Under inflammatory conditions, the intestinal epithelium expresses pattern recognition receptors (PRR) to sense the changes in its immediate environment. When these PRRs detect the presence of 1) host-derived DAMPs, such as S100A family molecules and the High-Mobility Group Box (HMGB), and/or 2) conserved microbial PAMPs (i.e. bacterial and fungal cell wall components and viral nucleic acids), they gets activated and transmits danger signals.(66) For instance, the Receptor for Advance Glycation End product (RAGE) is a receptor that can sense endogenous DAMP signals. RAGE receptor expression is low in the intestinal epithelium but is inducibly expressed on the IECs upon inflammatory stimulation.(67) RAGE that are expressed on colonic tumor cells were found to be post-translationally modified with carboxylated N-glycans, which are recognized and subsequently bound by host-secreted DAMPs ligands including the S100A family molecules (e.g. S100A8, S100A9, S100A12) released by both neutrophils and IECs. S100A9 and RAGE ligation specifically activates downstream NF-κB signaling, which promotes cell proliferation and exacerbates tumor progression in AOM-DSS treated mice.(68) On the other hand, TLRs are one of the widely studied PRRs that recognize PAMPs as described above.(69) Importantly, TLR2 and TLR4 can also sense DAMPs, such as HMGB and S100A proteins. TLR4 KO mice-derived bone marrow chimera mice receiving AOM/DSS treatment had much more increased dysplastic lesions, as well as more significant neutrophil and macrophage infiltrations, compared to TLR4 KO mice transplanted with WT mice-derived bone marrow.(70) The results indicate that CEC specific TLR4 response is pro-tumorigenic. Interestingly, the villin-TLR4 mice, which have increased TLR4 signaling in the intestinal epithelium, can cause spontaneous intestinal dysplasia.(71) Subsequently, the activation of TLR4 triggers β-catenin signaling in CECs in a PI3K-dependent manner.(71)
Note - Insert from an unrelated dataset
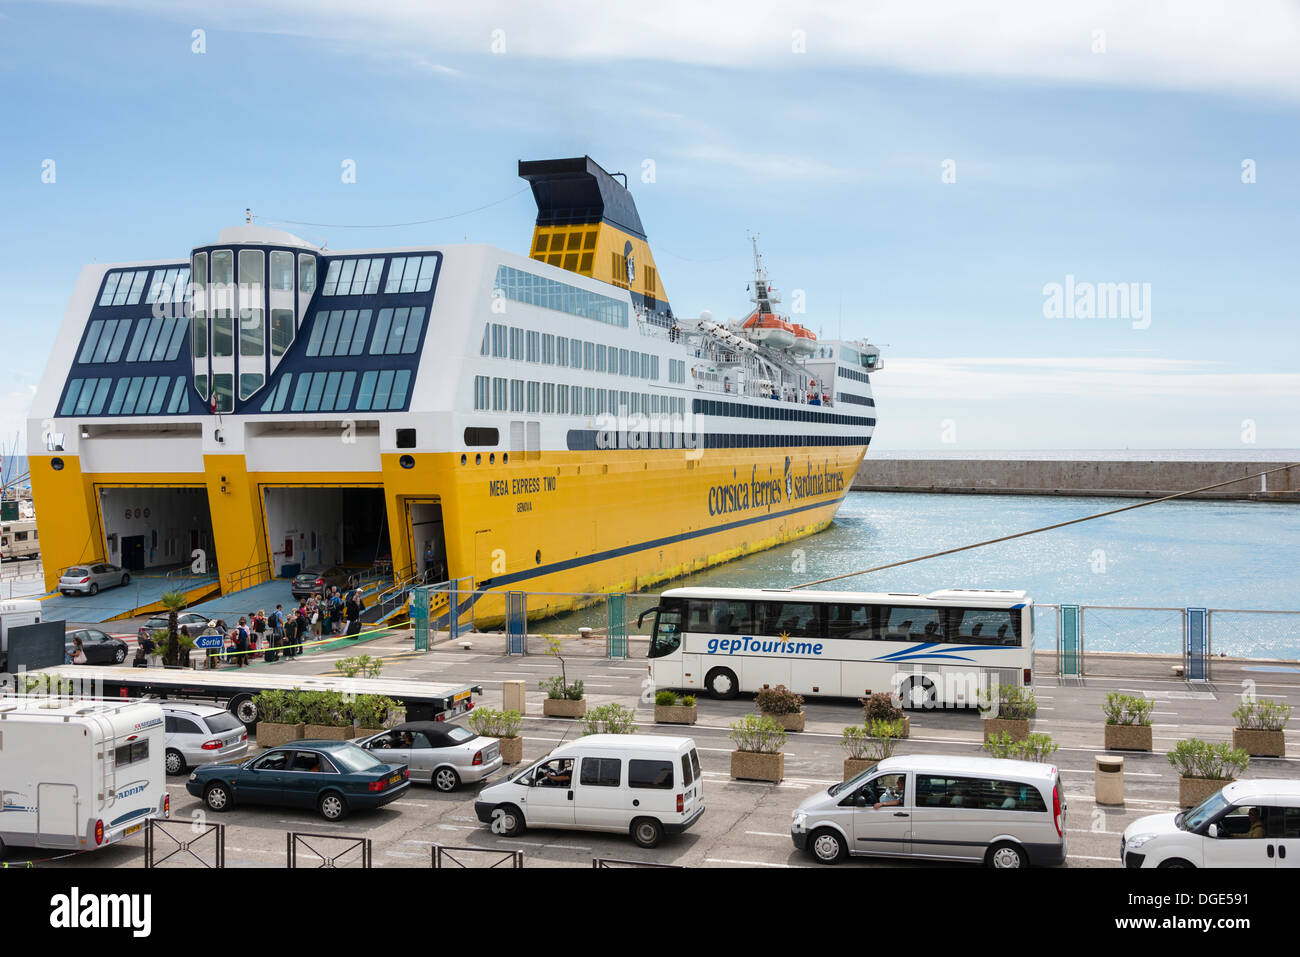 Corsica Ferry in the harbour at Monaco Stock Photo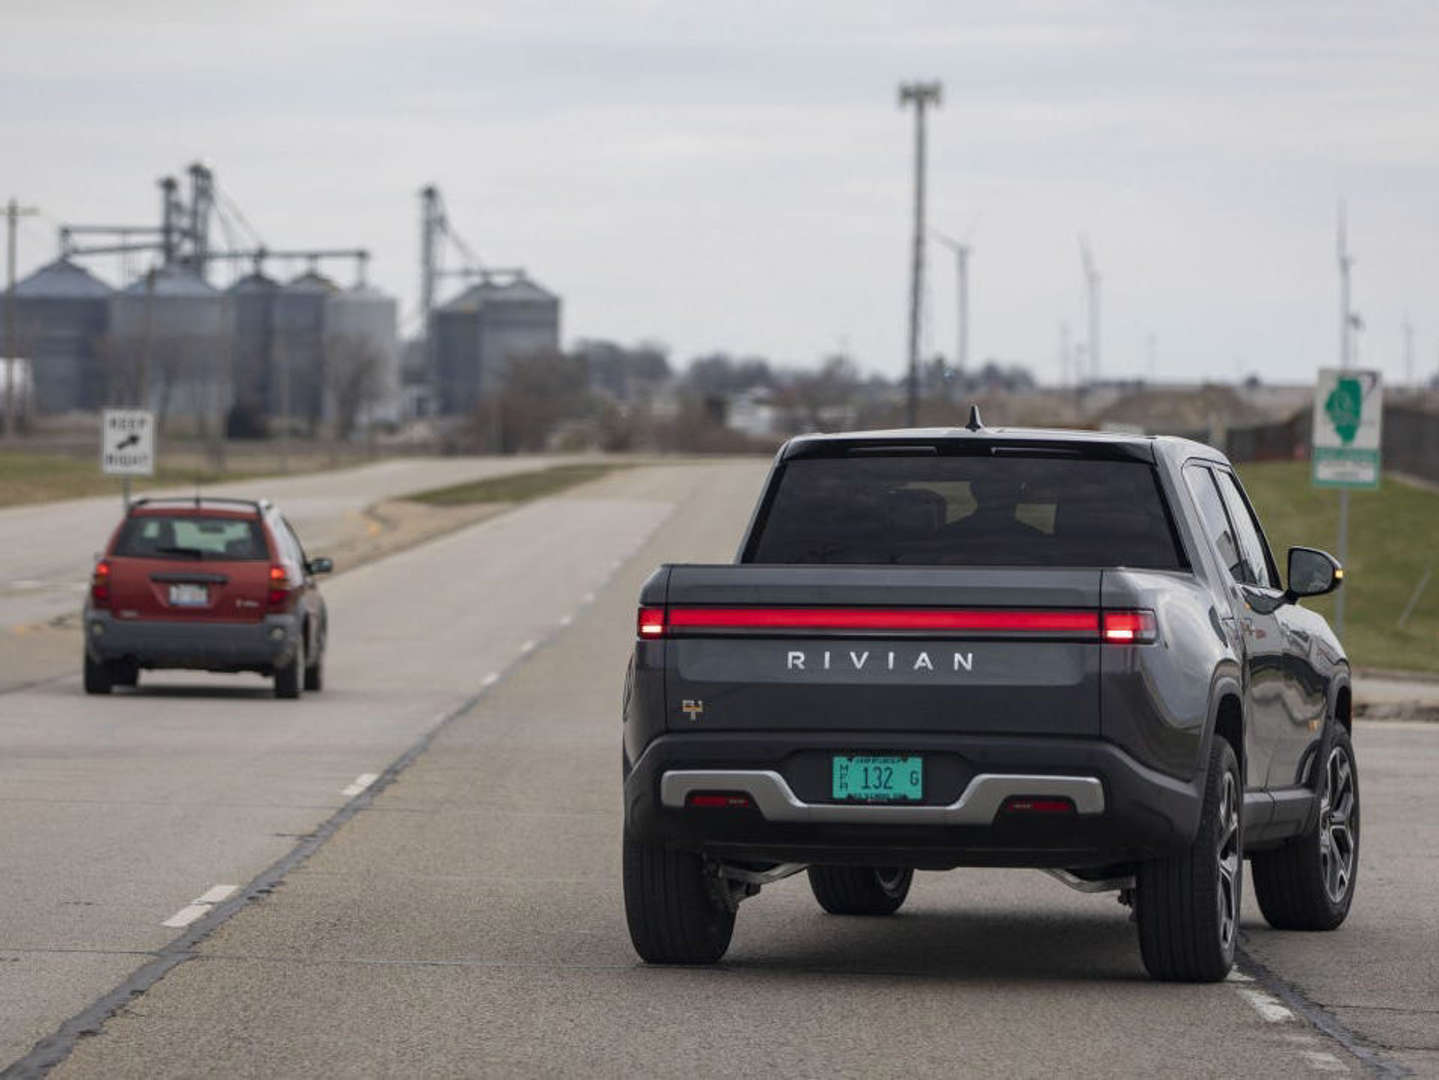 One Rivian owner said he got a repair bill for $42,000 after a fender bender, according to a report from The New York Times.

Indeed, β-catenin signaling activation in CECs plays a major role during colonic tumorigenesis. During intestinal inflammation, the activation of PI3K/AKT pathway also collaborates with WNT/Frizzled pathway to further enhance β-catenin activation in the intestinal stem cells that may be critical for the CAC progression.(72) Many colonic factors that are expressed at a low level in the homeostatic state, but are highly inducible and up-regulated in IBD and CAC, have been reported to efficiently activate β-catenin. These factors include the indoleamine 2,3 dioxygenase-1 (IDO1), chitinase 3-like 1 (CHI3L1) and PCNA-associated factor (PAF) that has been shown to be highly associated with tumor cell proliferation via β-catenin activation.(73-75) 5-ASA, the most common anti-inflammatory therapy for UC patients, can inhibit β-catenin signaling in the CECs of patients with CAC, and protect IL-10 KO mice from the development of dysplasia.(76) The inhibition of β-catenin signaling by 5-ASA is the most significant in the middle and upper parts of colonic crypts.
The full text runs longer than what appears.